Fantastische Wirklichkeit

Ein symbolträchtiger Turmbau zu Babel: Das illusionistische Gemälde von Michael Lassel ist im Wasserschloss Bad Rappenau zu sehen.

Bad Rappenau – Schuhsohlen türmen sich zu einem kegelförmigen Berg, der bekrönt ist mit Fotografien von Verstorbenen. Und zu dessen Füßen alte Stiche von Weltkarten liegen und die Reproduktion des berühmten Gemäldes „Turmbau zu Babel“ von Pieter Breughel.

Dass es hierbei nicht nur um malerisches Können im Sinn der Illusion von Wirklichkeit geht, dürfte dem Betrachter sofort klar sein. Zu sehen ist dieses symbolträchtige Bild von Michael Lassel (Jahrgang 1948) zusammen mit Arbeiten von fünf weiteren Künstlern im Wasserschloss Bad Rappenau.

Unter dem Titel „Der verführte Betrachter – Die Trompe-l’oeil-Malerei in der Gegenwart“ zeigen sie eine Kunst, die eine fantastische Wirklichkeit täuschend echt vor Augen führt.

Ob es sich um eine in die Brüstung eines Marmorgewändes geschnittene Inschrift „Blütenmelodie in Weiss-Moll“ des Architektur-Malers Wolfgang Harms (1950) handelt oder um die Schatten der in einem Regal fein säuberlich angeordneten exotischen Schnecken und Muscheln mit wissenschaftlicher Beschriftung von Hans Niklaus (1934): Immer ist eine raffinierte Augentäuschung im Spiel.
Altmeisterliche Techniken

Altmeisterliche Techniken

Möglich ist diese Illusion von Wirklichkeit nur durch altmeisterliche Maltechniken, die mit Detailgenauigkeit und präziser Darstellung der Glanzlichter und Schlagschatten einhergehen. Dazu kommt die illusionistisch gebrauchte Perspektive, wie sie Michael Lassel, der von der Zeitschrift „Weltkunst“ als „wohl bedeutendster Trompe-l’oeil-Maler unserer Zeit“ beurteilt wurde, darstellt: In seinem Ölbild „Stein der Weisen“ spielt die fantastische Szenerie vor der Kulisse einer antikisierenden Bogenarchitektur, die perspektivisch weit in die Tiefe des Bildes führt und teilweise auf Büchern als Sinnbild der Gelehrsamkeit aufgebaut ist. Der im Vordergrund wiedergegebene Monarch als Alchimist verwandelt sie in Macht, die auf der Labilität eines Kartenhauses aufgebaut ist.

Üppige Stillleben

Die Arbeiten von Jo Niklaus (1941) erinnern in ihrer stilllebenartigen Anhäufung von Alltagsgegenständen an die Trompe-l’oeil-Malerei der holländischen Meister des 17. Jahrhunderts, deren Gegenstände ebenso zufällig angeordnet wirken wie ihre.

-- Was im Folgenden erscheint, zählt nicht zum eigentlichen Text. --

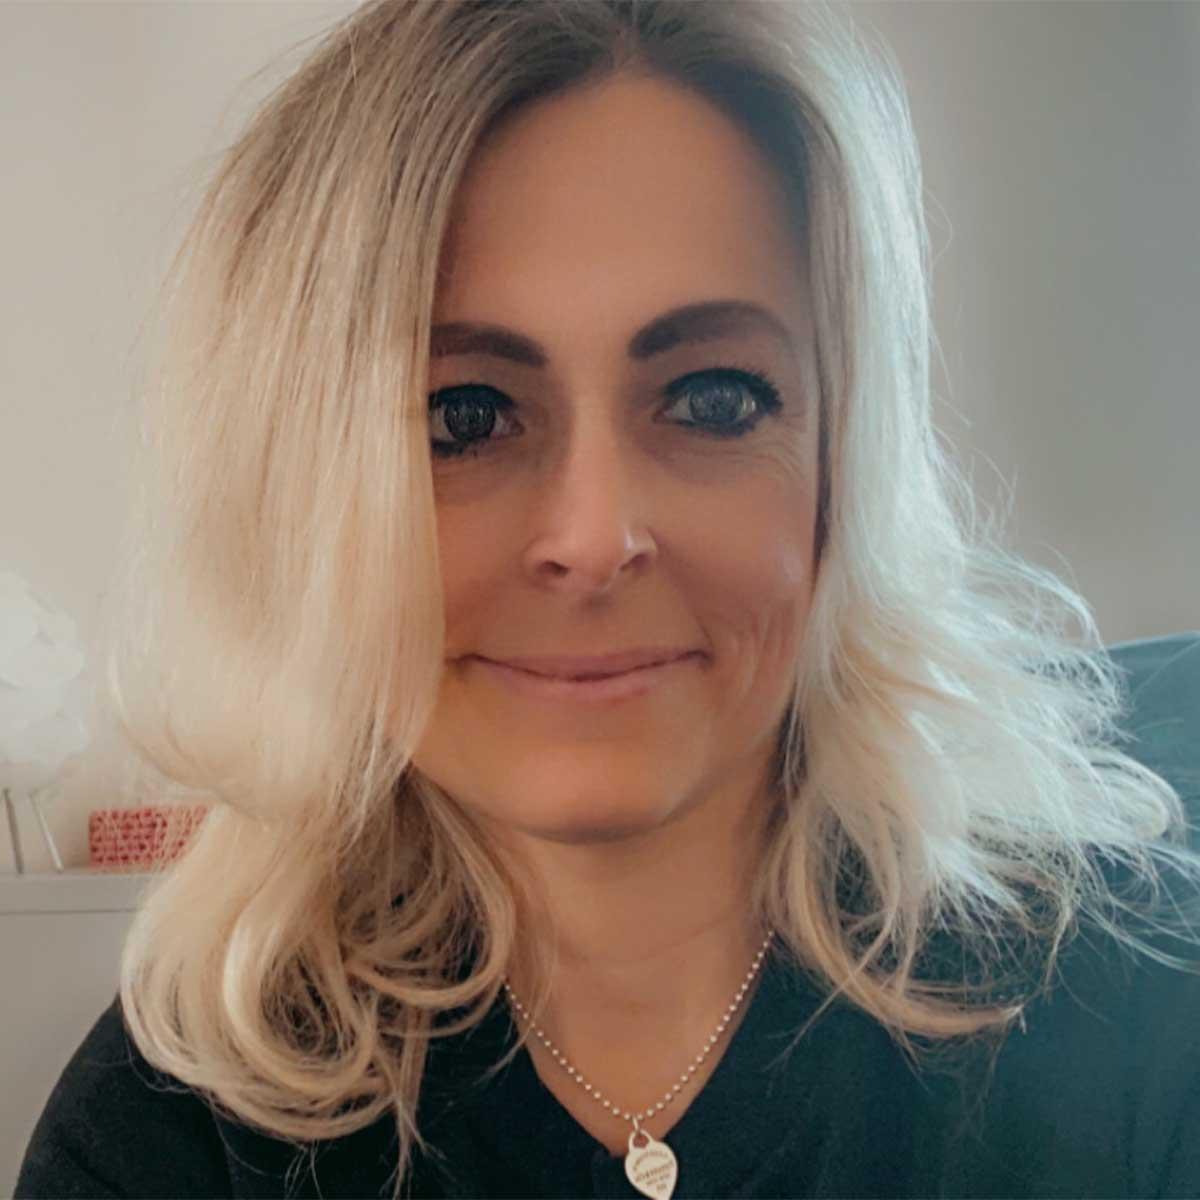 Gesundheitsberaterin Susanne Federle in Burgau und am Bodensee

Ein bisschen aus dem Rahmen der ausgestellten Künstler fällt Joachim Lehrer (1954), dessen romantisch-fantastische Naturlandschaften mit Relikten menschlicher Zivilisation gefüllt sind: Zivilisationsmüll als Antipode zu „Das gelobte Land“, so der ironische Titel eines seiner Bilder, womit wir wieder in der Wirklichkeit der Gegenwart angelangt sind.

Die Ausstellung im Wasserschloss Bad Rappenau (geschlossen bis 7.Januar)
dauert bis 31. Januar, geöffnet mittwochs von 18 bis 22 Uhr, freitags, samstags und sonntags von 14 bis 20 Uhr.